Nerve regeneration facilitated by implantation of the present invention was characterized by a linear correlation between the number of myelinated axons versus implant luminal cross-sectional area. As shown in
This finding confirms the ability of the tubular compression and kink resistant nerve repair implant to advantageously maintain its structural integrity throughout the entire regeneration process of the peripheral nerve. Currently available commercial collagen-based nerve repair products are recommended for the repair of short gaps, i.e. <2.5 cm. The physical and physico-chemical characteristics of the compression and kink resistance nerve implant of the present invention, taken together with the results of the animal study presented above indicates that the present implant can be used to bridge nerve gaps longer than 2.5 cm in humans.

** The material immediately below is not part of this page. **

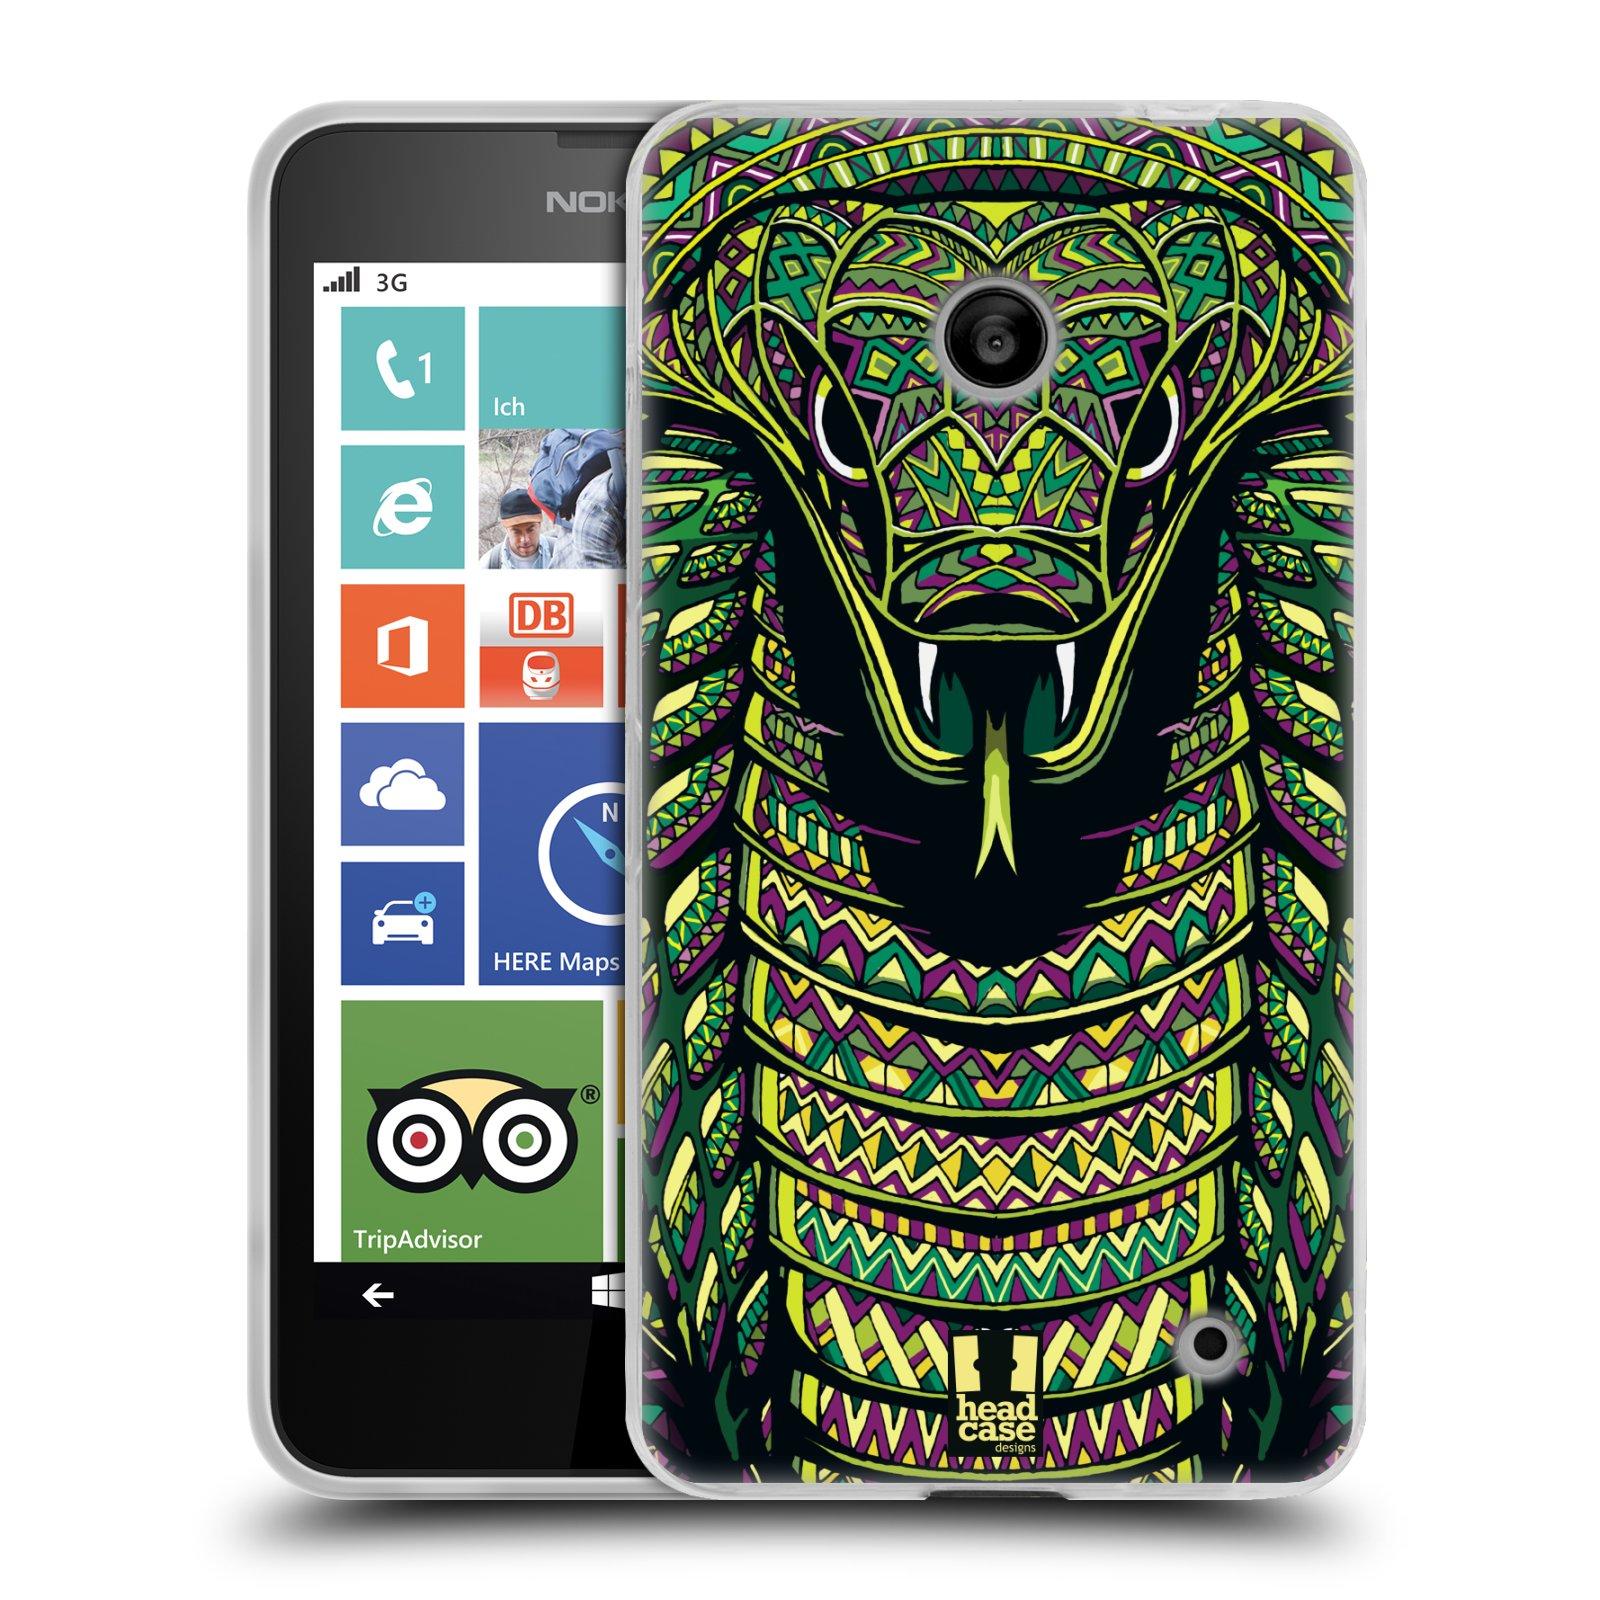 Silikonové pouzdro na mobil Nokia Lumia 630 HEAD CASE AZTEC HAD (Silikonový kryt či obal na mobilní telefon Nokia Lumia 630 a Nokia Lumia 630 Dual SIM)

All of the features disclosed in this specification may be combined in any combination. Each feature disclosed in this specification may be replaced by an alternative feature serving the same, equivalent, or similar purpose. Thus, unless expressly stated otherwise, each feature disclosed is only an example of a generic series of equivalent or similar features.
From the above description, one skilled in the art can easily ascertain the essential characteristics of the present invention, and without departing from the spirit and scope thereof, can make various changes and modifications of the invention to adapt it to various usages and conditions. Thus, other embodiments are also within the claims.